> Activity
Print the line containing "Picture of REH" and each line after it through the end of the material below, exactly as it appears, but skip the pictures.

> Data segment
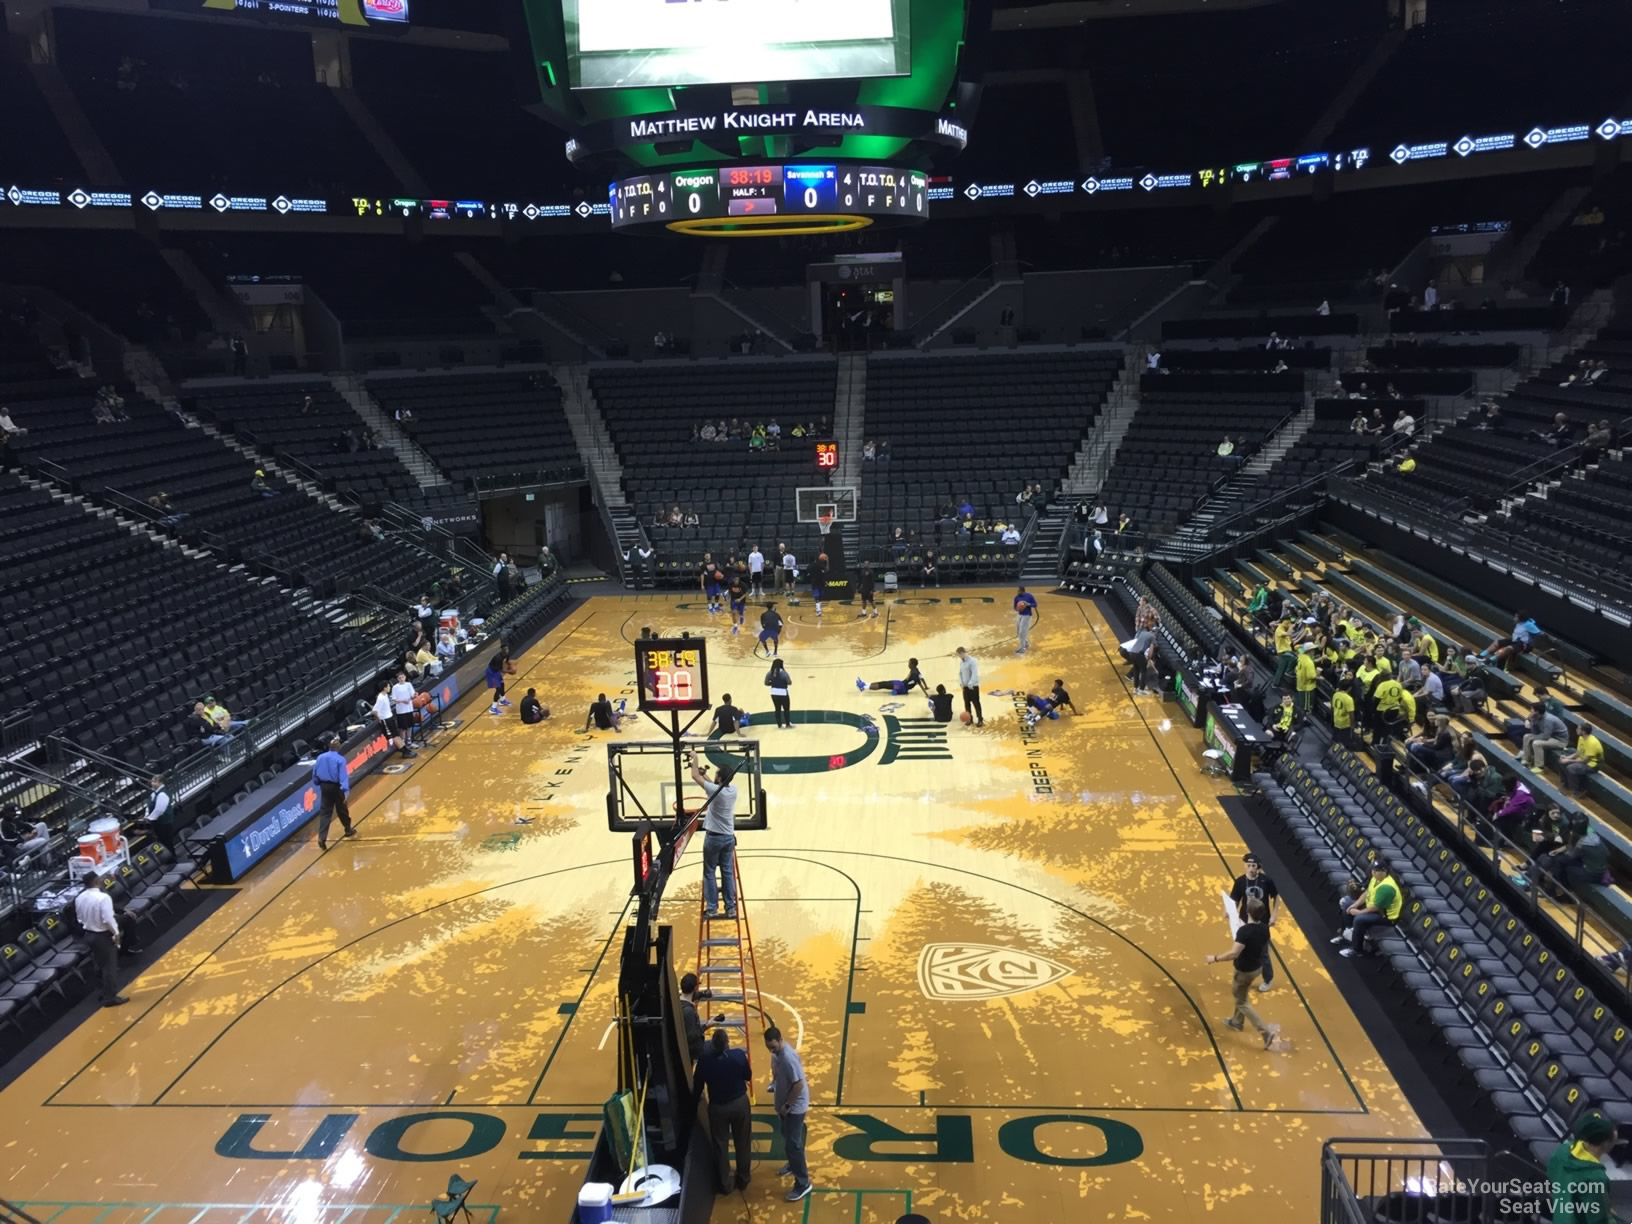 section 117, row ff seat view  - matthew knight arena
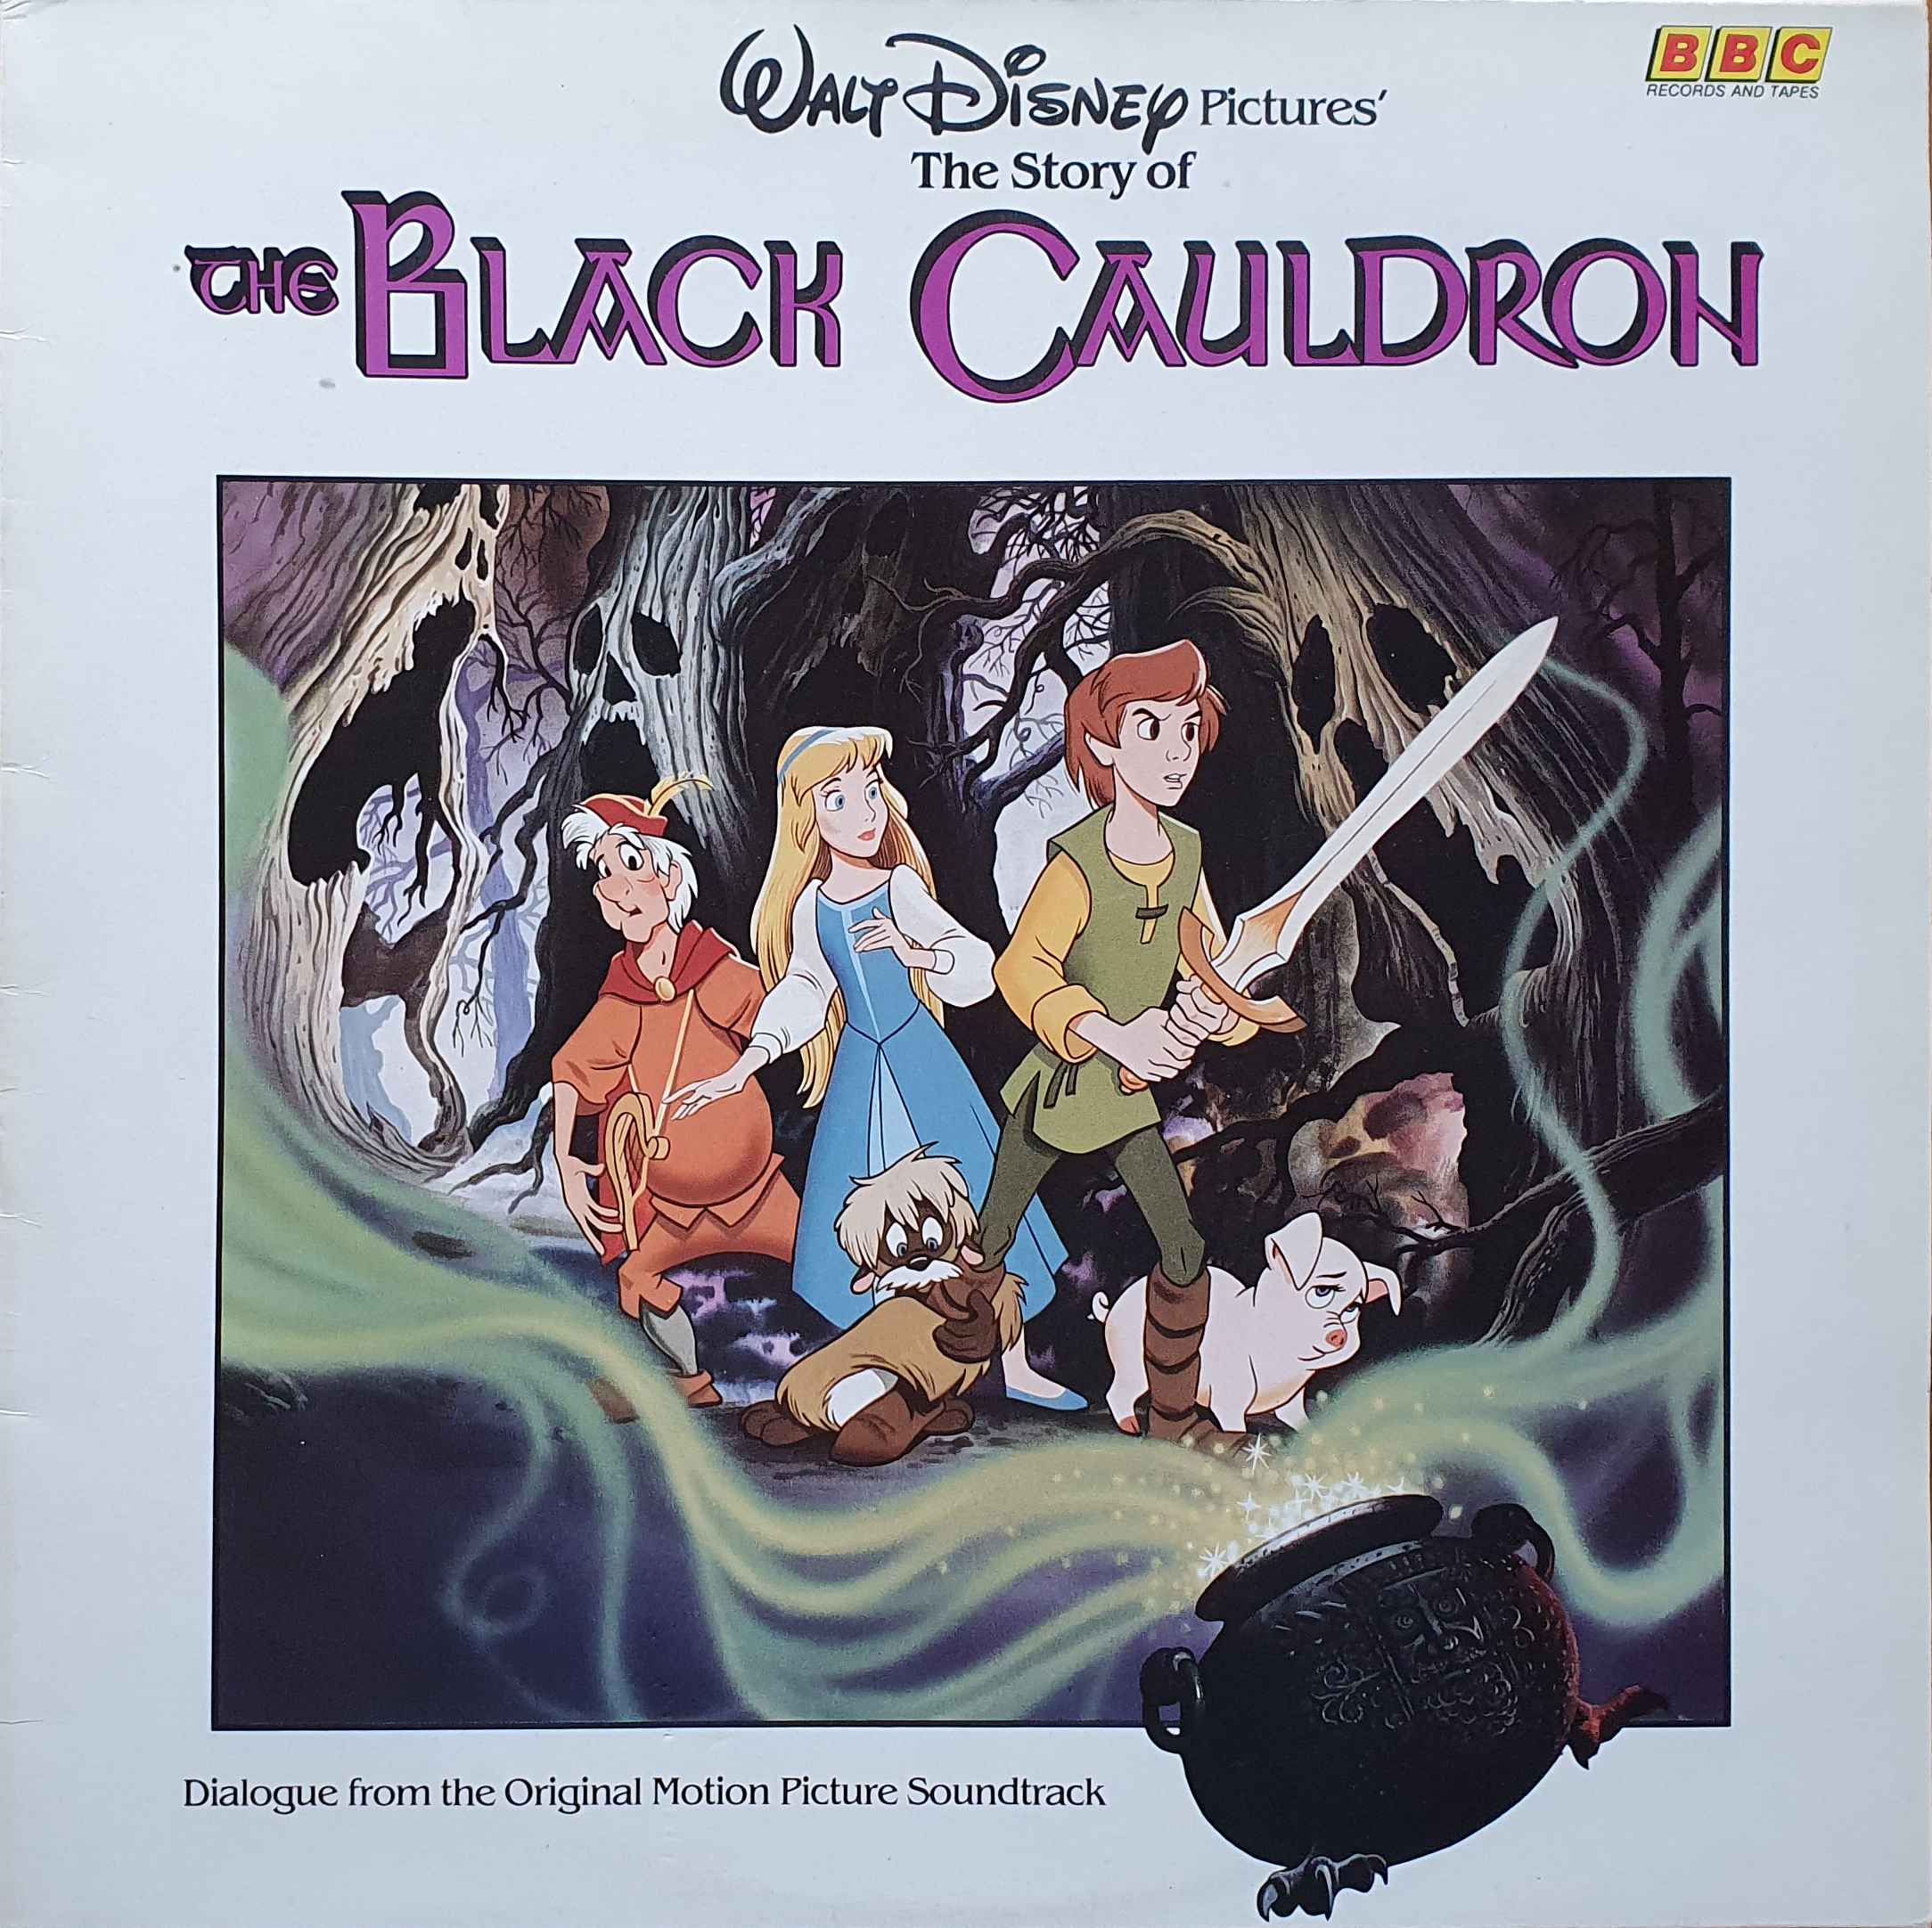 Picture of REH 578 The black cauldron by artist Ted Berman / Vance Gerry / Joe Hale / David Jonas / Roy Morita / Richard Rich / Art Stevens / Al Wilson / Peter Young / Ron Clements / John Musker from the BBC albums - Records and Tapes library
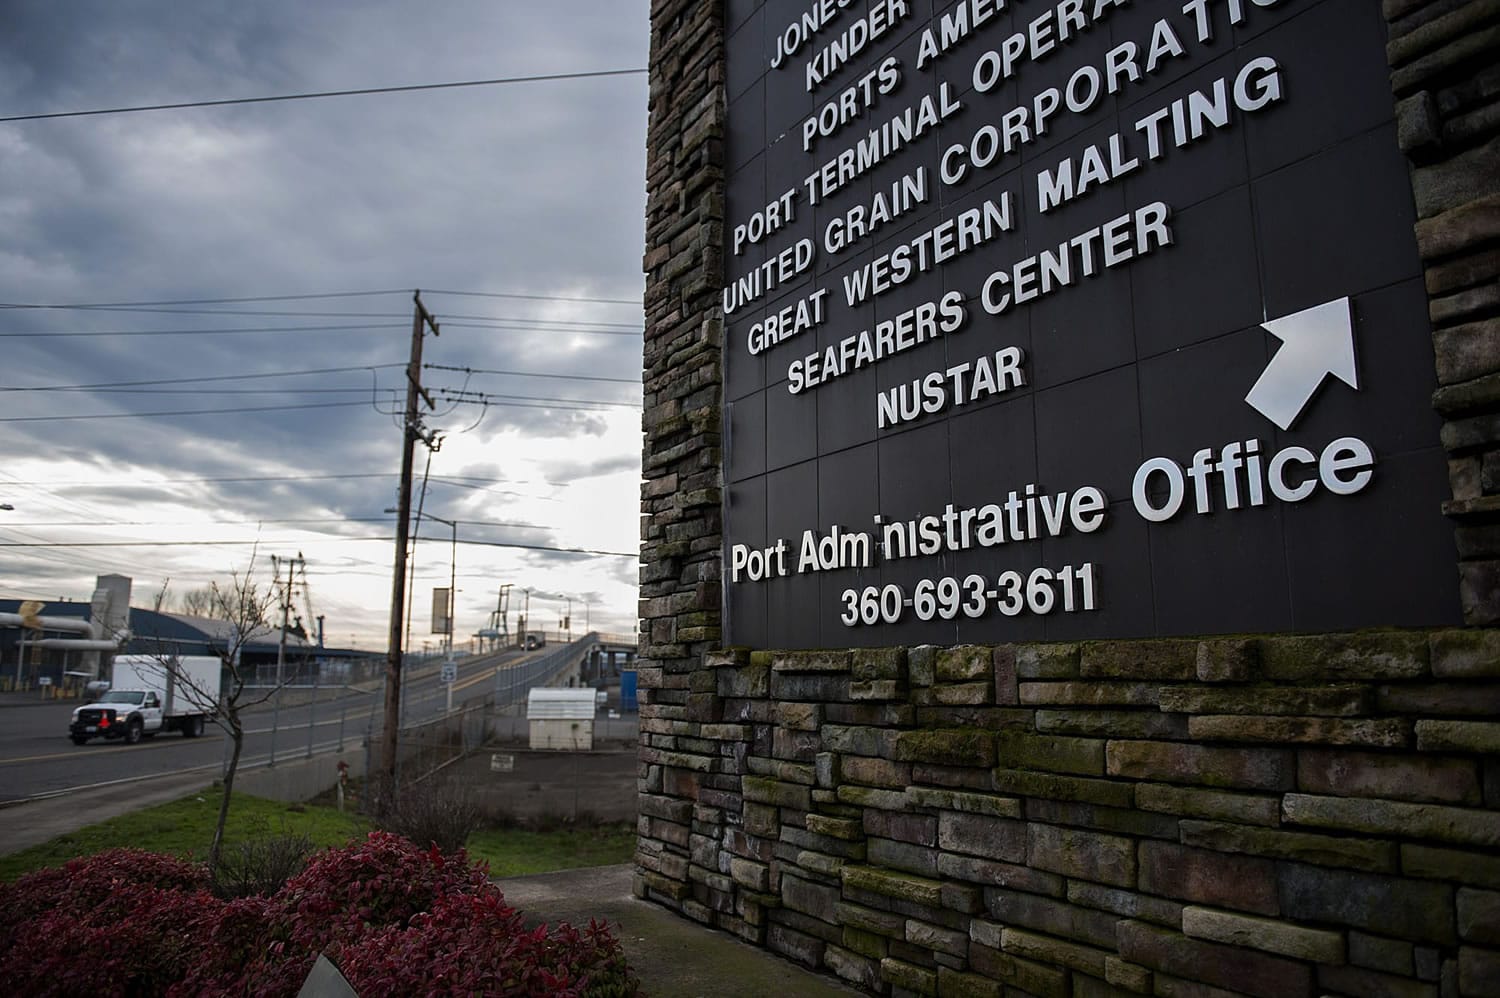 NuStar Energy, which is currently looking to handle crude oil and/or ethanol at its terminal, is located on Harborside Drive at the Port of Vancouver.

> Solution
 Picture of REH 578 The black cauldron by artist Ted Berman / Vance Gerry / Joe Hale / David Jonas / Roy Morita / Richard Rich / Art Stevens / Al Wilson / Peter Young / Ron Clements / John Musker from the BBC albums - Records and Tapes library
 NuStar Energy, which is currently looking to handle crude oil and/or ethanol at its terminal, is located on Harborside Drive at the Port of Vancouver.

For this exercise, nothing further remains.